BPER reported a 29.5% profit in the first half of 2025, reaching €903.5 million.

As of June 30, 2025, BPER's consolidated net profit amounted to €903.5 million, up 29.5%, the highest half-year result ever recorded. The high credit quality is confirmed, with the NPE ratio standing at 2.5% gross (1.1% net), placing the group among the best in the Italian banking system. The annualized cost of credit decreased to 31 basis points (-10 basis points h/h). The coverage ratio for non-performing loans, among the best in Italy, increased to 55.6% compared to the end of March 2025. The bank's capital profile remains very solid, with a CET1 ratio of 16.2%, thanks to organic capital generation of €1.1 billion (approximately 200 basis points) in the first half of 2025. The liquidity position remains strong, with regulatory ratios well above the minimum thresholds. Bper's net interest income for the first half of the year stood at €1,626.0 million, down 3.4% compared to June 30, 2024, amid accelerated interest rate reductions. Compared to the first quarter of 2025, growth in the second quarter was 0.3%, thanks to positive commercial volumes (+€13.5 million q/q), which more than offset the impact of lower interest rates (-€13.1 million q/q). The increase in the non-commercial component was €1.9 million q/q. Net commissions increased to €1,063.5 million (+4.8% h/h), thanks to commissions from investment services amounting to €465.5 million (+9.2% h/h), commissions from the property and casualty insurance segment amounting to €57.8 million (+15.8% h/h), and commissions from traditional banking activities amounting to €540.2 million (+0.3% h/h). Dividends amounted to €43.0 million (+16.0% h/h), of which €11.1 million attributable to the investment in the Bank of Italy and €21.9 million in Arca Vita. Net income from finance was positive at €34.9 million. Total net operating income amounted to €2,852.0 million (+3.4% h/h). Operating expenses amounted to €1,328.1 million (-4.9% h/h).
In detail, personnel expenses amounted to €822.9 million (-7.2% h/h), mainly due to staff turnover; other administrative expenses decreased to €354.4 million (-6.1% h/h); net impairment losses on tangible and intangible assets amounted to €150.8 million. The cost/income ratio at June 30, 2025, decreased to 46.6% on a half-year basis; in particular, in the second quarter of 2025, it further decreased qoq to 46.4%. The annualized cost of credit stood at 31 basis points (-10 basis points h/h), with impairment losses on assets at amortized cost relating to customer loans amounting to €142.8 million (-21.1% h/h). Total cumulative overlays at June 30, 2025, amounted to €213.8 million. Investment income amounted to €2.2 million. After deducting income taxes of €448.6 million and minority interest in profit for the period of €16.6 million, the parent company's share of profit for the period was €903.5 million, the best result ever, thanks in part to the contribution of the second quarter's profit, the highest ever.

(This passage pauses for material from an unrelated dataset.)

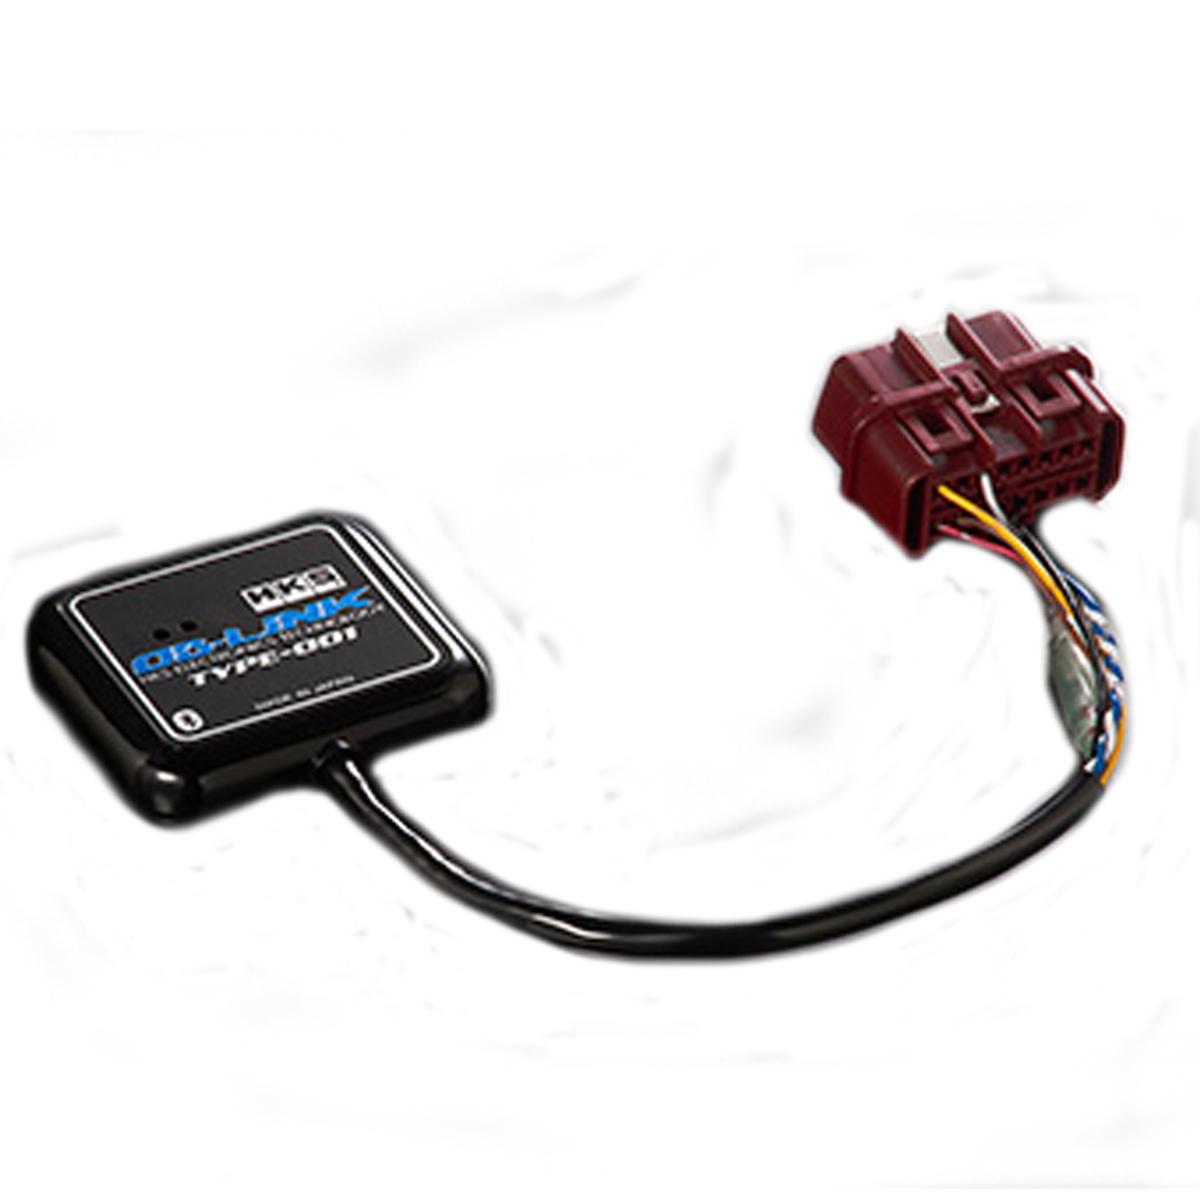 セレナ モニター OBリンク タイプ 001 C26 HKS 44009-AK002 エレクトリニクス

In the first half of 2020, BPER's total financial assets amounted to €312.3 billion, up 4.5% year-over-year. Direct customer deposits amounted to €120.8 billion, up €3.3 billion year-over-year. Assets under management grew to €74.1 billion (up 8.0% year-over-year); assets under administration amounted to €96.0 billion (up 5.1% year-over-year); and life insurance policies amounted to €21.3 billion (up 0.7% year-over-year). Net customer loans amounted to €92.7 billion (up 4.2% year-over-year), up thanks to development efforts across the entire BPER network. The loan-to-deposit ratio stood at 76.7% (compared to 76.3% at the end of March 2025).
Regarding credit quality, the ratio of non-performing loans to customers improved year over year, both at gross (gross NPE ratio) to 2.5% and at net (net NPE ratio) to 1.1%. The coverage ratio for total non-performing loans increased quarterly to 55.6%, one of the highest levels in Italy, primarily due to the increase in coverage for UTPs; coverage for performing loans is 0.63%, and coverage for exposures classified as Stage 2 is 4.9%. Financial assets total €32.0 billion (22.2% of total assets). Within the aggregate, debt securities amount to €29.9 billion (93.4% of the total portfolio) with a duration including hedges of 2.1 years and include €20.4 billion in government bonds and bonds issued by other supranational entities, of which €14.8 billion in Italian government bonds (up 66.7% year-over-year). Total equity amounts to €11.6 billion, with minority interests amounting to €0.2 billion. The group's consolidated net equity, which includes the result for the period, therefore stands at €11.4 billion. With regard to the liquidity position, the LCR ratio is 163% (166% at the end of March 2025) while the NSFR ratio is 135% (134% at the end of March 2025).
"In light of the second quarter performance, the bank has upgraded its standalone guidance for FY 2025 for Total Revenues, Cost/Income and CET1 Ratio."